In the description of the present disclosure, the meaning of several is one or more, the meaning of plural is two or more, greater than, less than, exceeding, etc. are understood to not include the present number, and the above, below, within, etc. are understood to include the present number. The description of the first and second is for the purpose of distinguishing between technical features only and should not be construed as indicating or implying relative importance or implicitly indicating the number of technical features indicated or implicitly indicating the precedence of the technical features indicated.

In the description of the present disclosure, unless explicitly defined otherwise, terms such as arrangement, mounting, connection, etc. should be construed broadly and the specific meaning of the terms in the present disclosure can be reasonably determined by a person skilled in the art in connection with the specific contents of the technical solution.

In the description of the present disclosure, a description referring to the terms "one embodiment," "some embodiments," "illustrative embodiments," "examples," "specific examples," or "some examples," etc., means that a particular feature, structure, material, or characteristic described in connection with the embodiment or example is included in at least one embodiment or example of the present disclosure. In this specification, schematic representations of the above terms do not necessarily refer to the same embodiments or examples. Furthermore, the particular features, structures, materials, or characteristics described may be combined in any suitable manner in any one or more embodiments or examples.

Before proceeding to further detailed description of the disclosed embodiments, the terms and terms involved in the disclosed embodiments are described, which are applicable to the following explanation:

Advanced persistent threat attack (ADVANCED PERSISTENT THREAT, APT): APT attacks are a long-term, persistent network attack behavior directed to a specific target. An attacker typically has explicit goals and motivations to gain sensitive information in the target network or to perform malicious operations through careful planning and continuous infiltration.

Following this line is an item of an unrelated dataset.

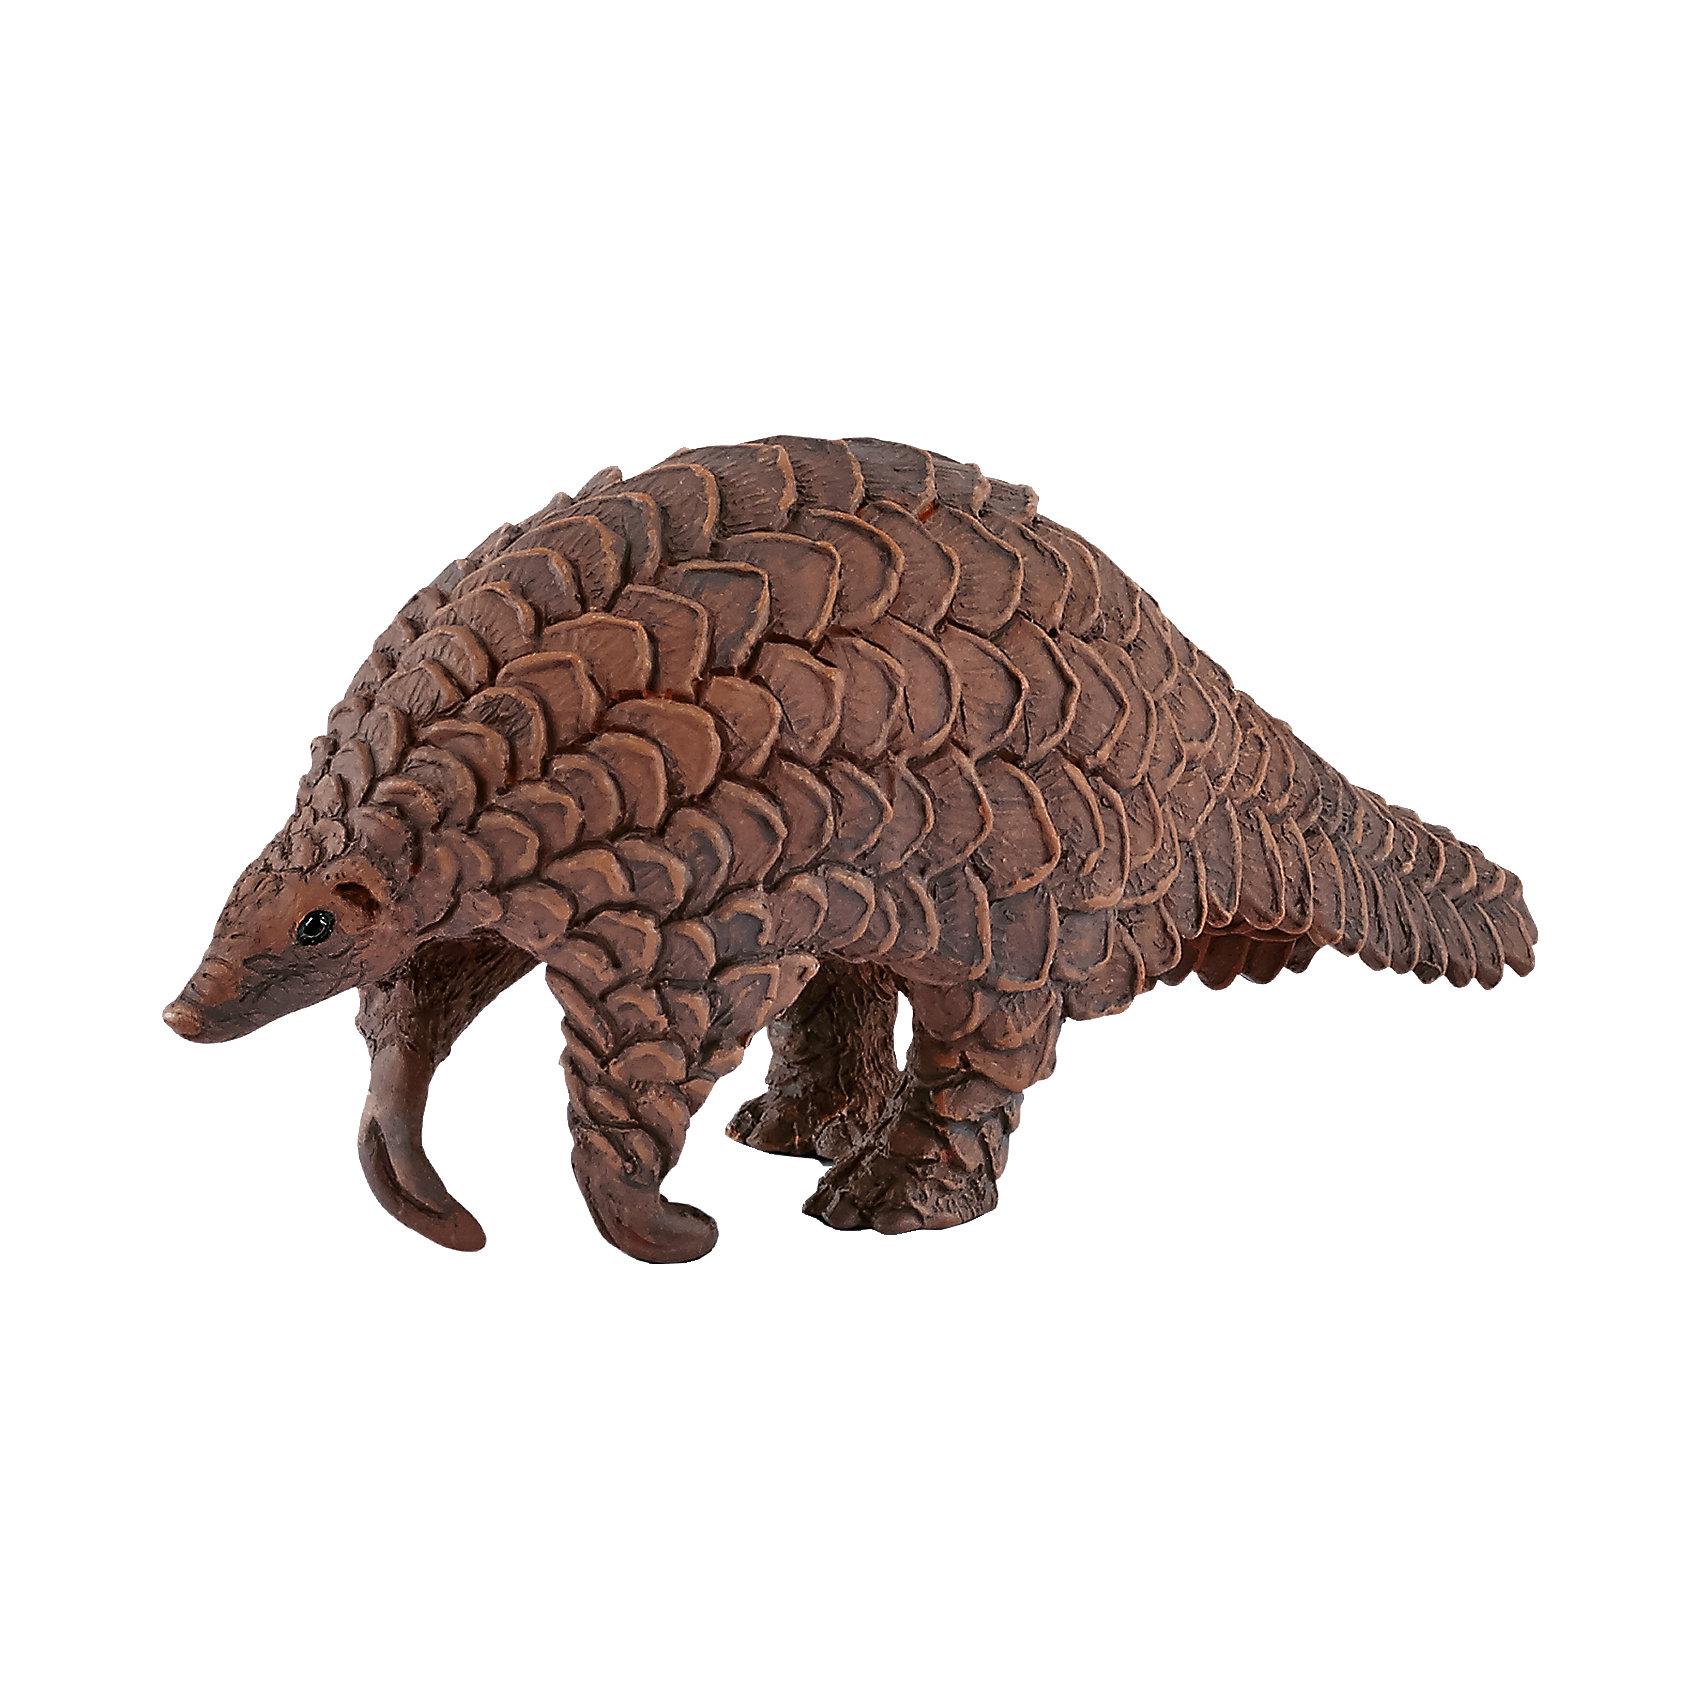 Гигантский ящер, SchleichГигантский ящер, Schleich – для всех любителей реалистичных фигурок.<br>Отличное дополнение в коллекцию. Красивые качественные фигурки в точности повторяют настоящих животных. Сделаны они из безопасного и не токсичного материала, который не вызывает аллергию. Краски не тускнеют и не стираются от длительной и активной игры. Ящер из Африки однозначно порадует вашего ребенка.<br><br>Дополнительная информация:<br><br>- возраст: от 3 лет<br>- материал: каучук, пластик<br>- размер: 9 х 3 х 3.5 см<br>- страна: Германия<br><br>Гигантский ящер, Schleich можно купить в нашем интернет магазине.<br><br>Ширина мм: 94<br>Глубина мм: 53<br>Высота мм: 27<br>Вес г: 31<br>Возраст от месяцев: 36<br>Возраст до месяцев: 96<br>Пол: Унисекс<br>Возраст: Детский<br>SKU: 4662506

A time sequential convolution network (Temporal Convolutional Network, TCN): a time-series convolution network, which is specially used for processing time-series data. The network structure integrates modeling capability on a time domain and characteristic extraction capability of convolution under low parameter quantity, and an efficient and accurate method is provided for processing time sequence tasks. The convolution in the TCN architecture is a causal convolution, with as little loss of features as possible after the convolution, meaning that no information from the past is "leaked". The specific reason is that: TCN adopts one-dimensional full convolution (1-D Fully-Convolutional Network, FCN), and adds 0-padding to each layer for filling so as to realize equal input length and output length. To guarantee the causality of inputs to outputs, TCN introduces causal convolution (Causal Convolution), i.e. the output at time t can only be convolved from inputs from time t and earlier. But as the sequence length increases, it is necessary to increase the network depth or increase the convolution kernel, which can result in significant computational expense. Subsequently, TCN introduces an extended convolution (Dilated Convolutions) that reduces network depth as much as possible while not increasing parameters, and enlarges the receptive field (RECEPTIVE FIELD). Increasing the depth of the network may improve the performance of the network but may result in gradient explosions or gradient extinction.

Classifier (Classifier): is a computer program whose design goal is to be able to automatically classify data into known categories after automatic learning. The classifier is a generic term of a method for classifying samples in data mining, and comprises algorithms such as decision trees, logistic regression, naive Bayes, neural networks and the like.

Currently, the multi-stage detection method of the APT attack mainly comprises a method based on similarity and a method based on causal association to detect the attack behavior. The similarity-based method mainly realizes attack multi-stage identification through attribute matching, correlation calculation or scene clustering. For example: based on two different neural network methods (a multi-layer perceptron and a support vector machine), an attack strategy is automatically extracted from the intrusion alarm, the probability output based on the two methods shows the causal relationship of the front alarm and the rear alarm, and the association strength of the alarm is represented by an alarm association matrix. Another detection method uses the continuity features of the IP address, port, time interval, alarm type, etc. of the intrusion alarm to represent the correlation between attack steps by calculating the correlation of the contextual alarm features. Yet another detection method is to introduce a set of constraints of equations into the alarm correlation matrix to evaluate the similarity between two alarms.

Unlike similarity-based methods, causal correlation-based methods focus on analyzing multi-step sequences and causal relationships between their steps, either for statistical inference or model matching. Such as: a multi-step attack scene is detected by using a rule prediction method, the method discovers alarm combinations by using a multi-layer plot mining and filtering algorithm, the association strength between attack types in the attack scene is encoded by using an association matrix, and the multi-step attack is identified by learning the scale of different attack modes by a decision tree algorithm. The hidden Markov model (Hidden Markov Model, HMM) is also a model that is more used in multi-step attack recognition. Although these similarity-based detection methods show some effects to some extent, these schemes cannot effectively identify the dependency of the APT attack in the long-term phase.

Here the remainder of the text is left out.